A low density of CSF most often indicates the presence of hydrocephalus, and at a high density, trauma or inflammatory diseases of the meninges are diagnosed.

4.2 Cell concentration

The increase in the number of cells is one of the most important parameters in the analysis of CSF. He can talk about the presence of various diseases, not only fatal ones.

Possible reasons:

• active allergic reactions (sometimes an increase in the number of cells is a sign of the imminent appearance of an allergy);
• meningitis of any etiology;
• the presence of malignant neoplasms with metastasis to the membranes of the brain;
• consequences of a heart attack or stroke of the brain.

Under allergic reactions usually mean systemic reactions (urticaria, collapse, anaphylactoid reactions).

4.3 Protein concentration

An excess of protein in the cerebrospinal fluid can indicate several diseases, most often of an infectious/inflammatory nature.

Possible reasons:

• polio;
• tumor neoplasms;
• consequences of surgical intervention in the brain;
• syphilitic paralysis;
• traumatic or non-traumatic cerebral hemorrhage;
• meningitis of viral or bacterial etiology.

Usually, with an increased concentration of protein, meningitis or polio is diagnosed (usually in children).

4.4 Chloride concentration

A reduced amount of chloride (Cl- ions) most often indicates the presence of a malignant neoplasm or meningitis of any etiology.

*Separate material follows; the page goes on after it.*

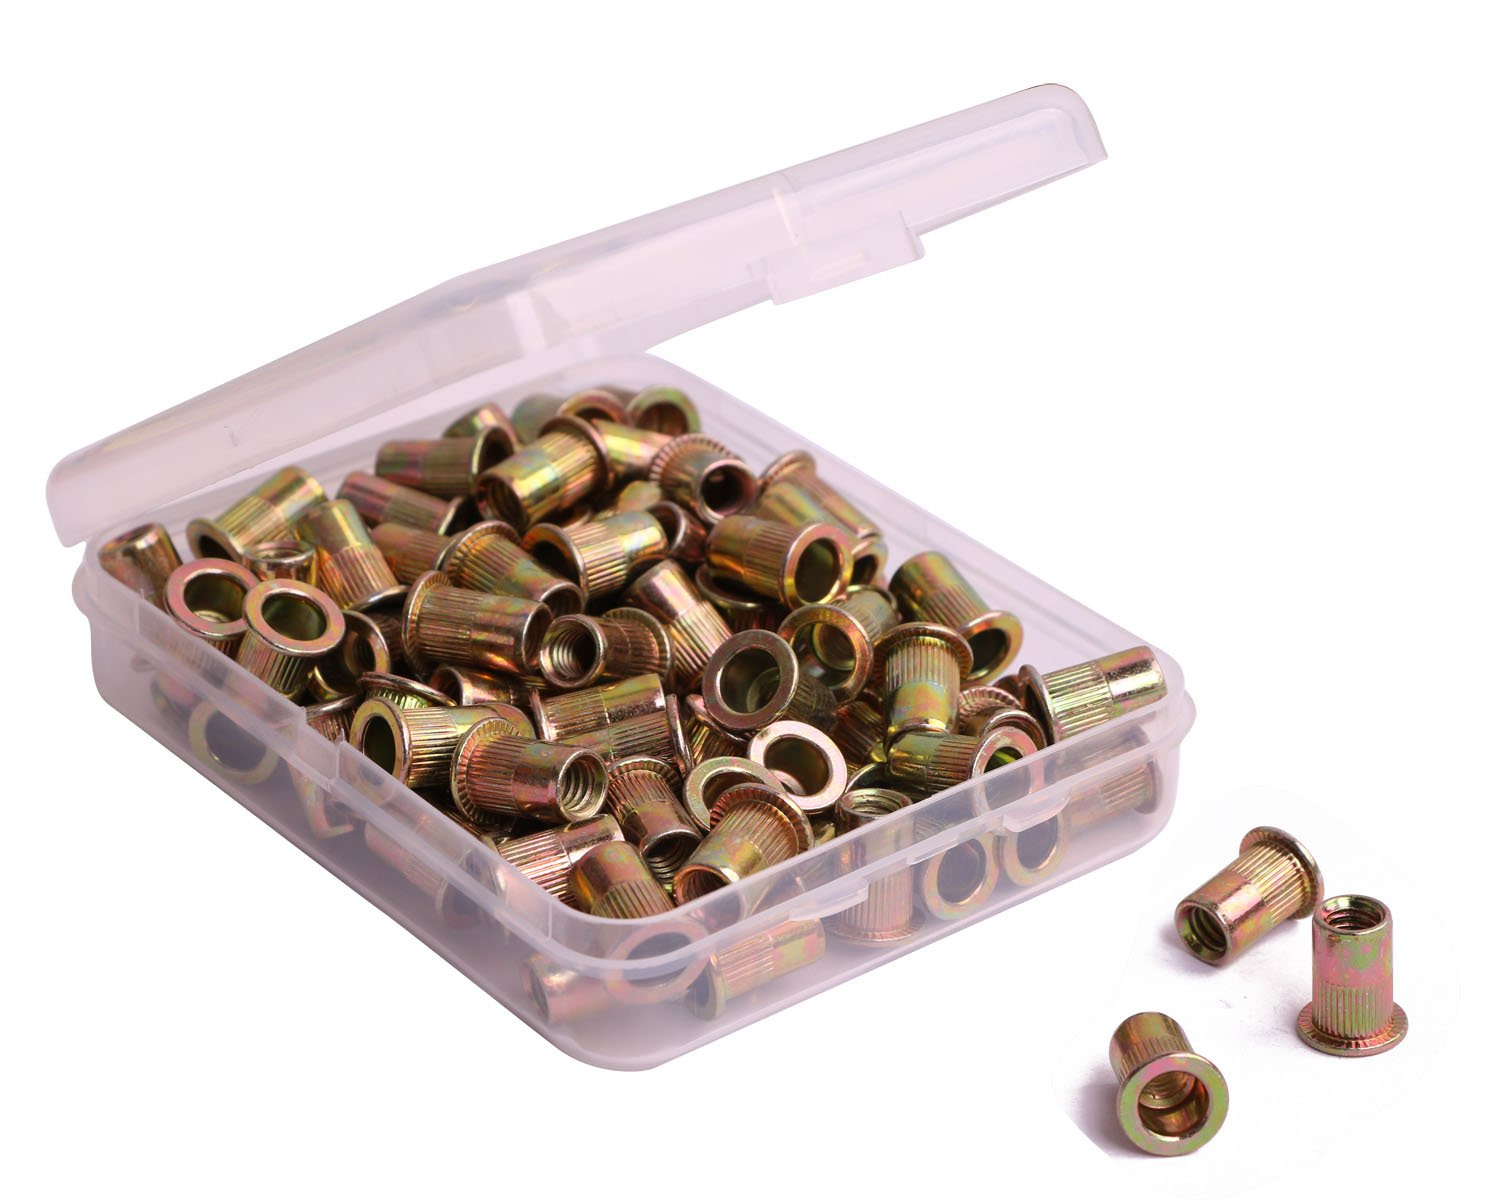 "Shapenty Zinc Plated Carbon Steel Rivet Nut Flat Head Threaded Rivnut Insert Nutsert 1/4""-20, 100PCS"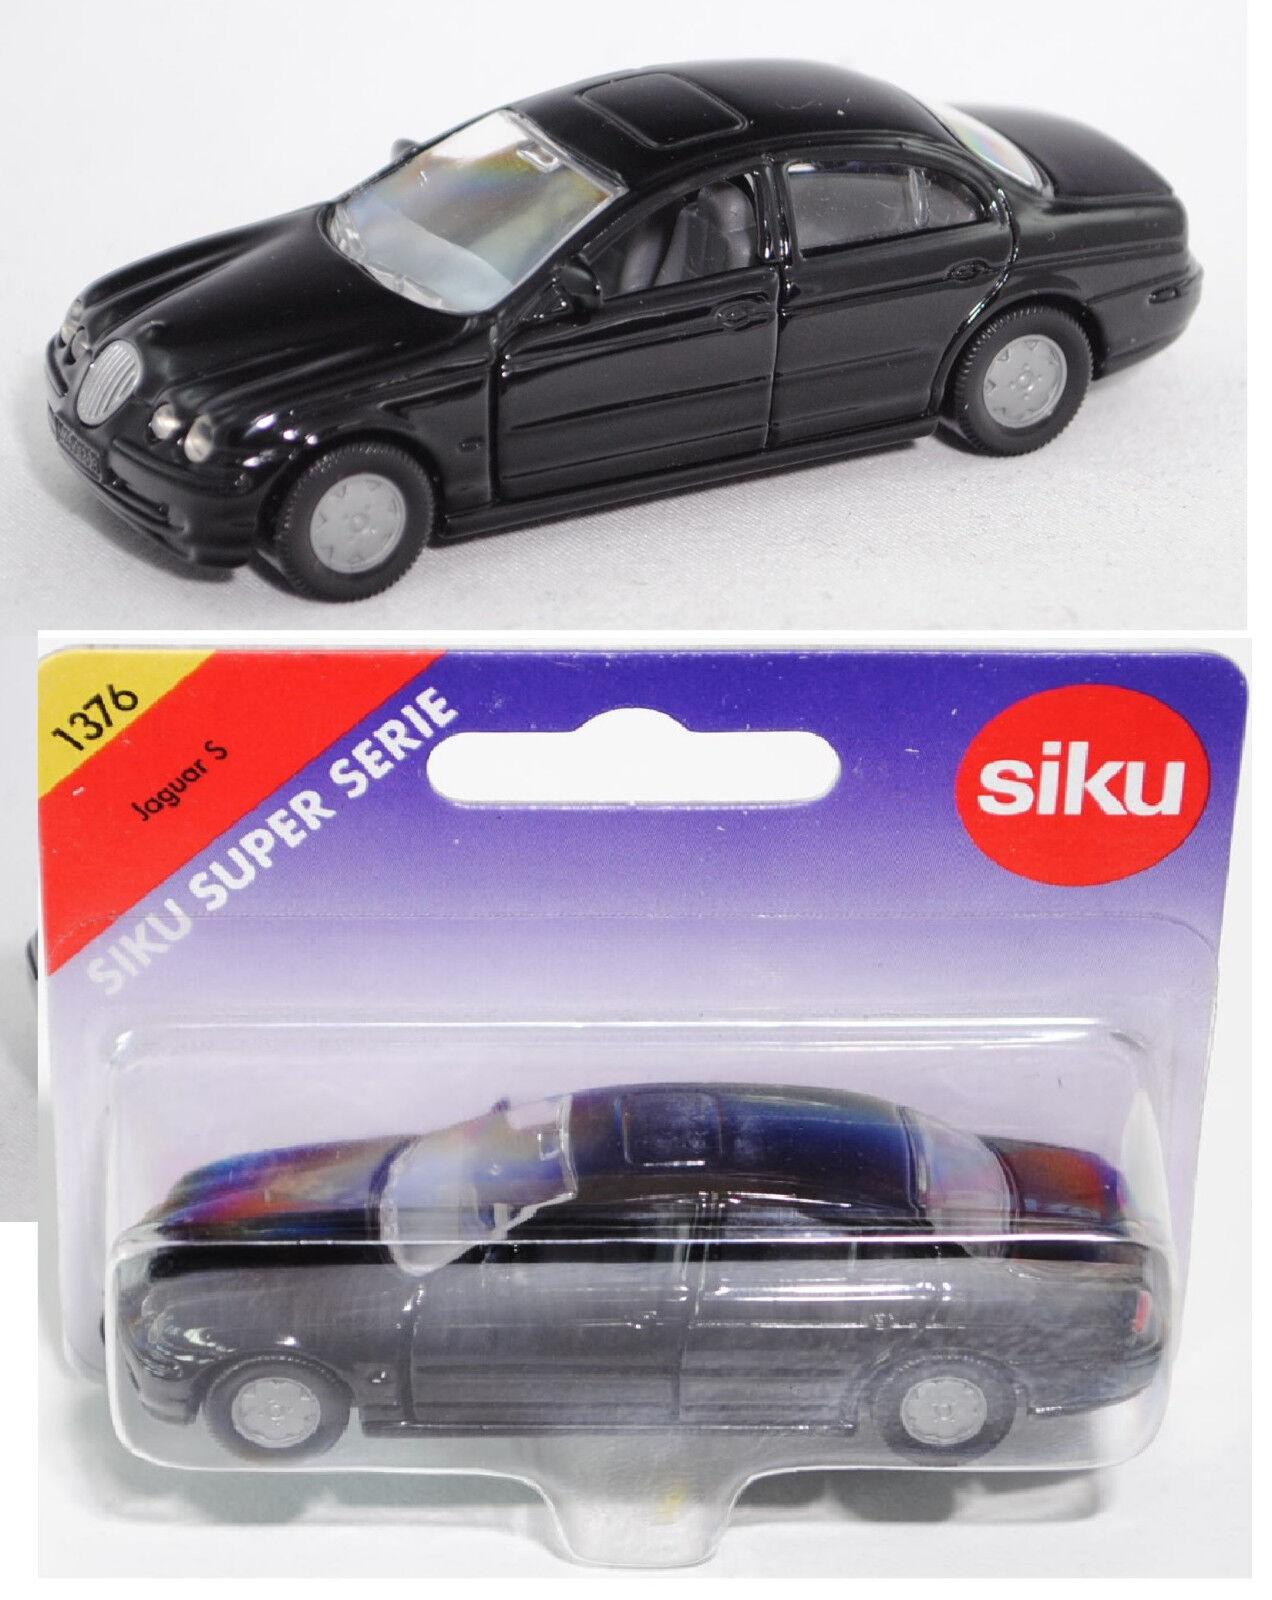 SIKU SUPER 1376 00402 JAGUAR  S 4.0 v8, noir, modèle spécial  grosses soldes

An increased amount of chloride indicates a malfunction of the kidneys (renal failure), less often about heart failure. Sometimes this may indicate the beginning of the development of malignant or benign neoplasms in the central nervous system.

4.5 Liquor is normal and with meningitis (video)

4.6 Glucose concentration

An increased amount of glucose (sugar) in the cerebrospinal fluid does not always indicate a problem: diurnal glucose fluctuations are often to blame. In other cases, an increase in glucose in the CSF is a sign of the development of diabetes mellitus, malignant neoplasms, encephalitis, or tetanus (if it is in the incubation period).

A low glucose level is also dangerous, and may indicate the presence of meningitis of a viral or infectious etiology, as well as the development of a neoplasm (not necessarily malignant) in the pia mater.

Neurosurgeons, neurologists and infectious disease specialists often have to perform a lombal puncture, that is, the collection of cerebrospinal fluid (CSF) from a patient. The procedure is a very effective way to diagnose various diseases of the central nervous system (CNS).

In clinics, CSF components are determined, microscopy is performed, and CSF is taken for microorganisms.

There are additional research measures, for example, measurement of CSF pressure, latex agglutination, checking the color of the supernatant. A thorough understanding of each of the tests allows specialists to use them as the most effective methods for diagnosing diseases.

Why analyze cerebrospinal fluid

Liquor (CSF, cerebrospinal fluid) is a natural substance required for the normal functioning of the central nervous system. Its analysis is the most important among all varieties of laboratory studies.

The analysis is carried out in several stages:

1. Preparatory- includes preparation of the patient, taking and sending the analysis to the laboratory.
2. Analytical- this is the procedure for studying the liquid.
3. post-analytical- is the decoding of the received data.

Only experienced specialists are able to competently perform all of the above actions, the quality of the analysis obtained depends on this.

Cerebrospinal fluid is produced in special plexuses from blood vessels in the brain. In adults, it circulates in the subarachnoid space and in the ventricles of the brain, from 120 to 150 ml of fluid, the average value in the lumbar canal is 60 mg.

The process of its formation is endless, the production rate is from 0.3 to 0.8 ml per minute, this indicator directly depends on intracranial pressure. During the day, an ordinary person produces from 400 to 1000 ml of fluid.

Only on the indications of a lumbar puncture can a diagnosis be made, namely:

• excessive protein content in the CSF;
• low glucose level;
• determination of the total number of white blood cells.

Upon receipt of these indicators and an increased level of leukocytes in the blood, a diagnosis of "serous meningitis" is made, if there is an increase in the number of neutrophilic leukocytes, then the diagnosis changes to "purulent meningitis". These data are very important, since the treatment of the disease as a whole depends on them.

What is analysis

The fluid is obtained by taking a puncture from the spinal cord, also called lombal, according to a certain method, namely: inserting a very thin needle into the space where CSF circulates and taking it.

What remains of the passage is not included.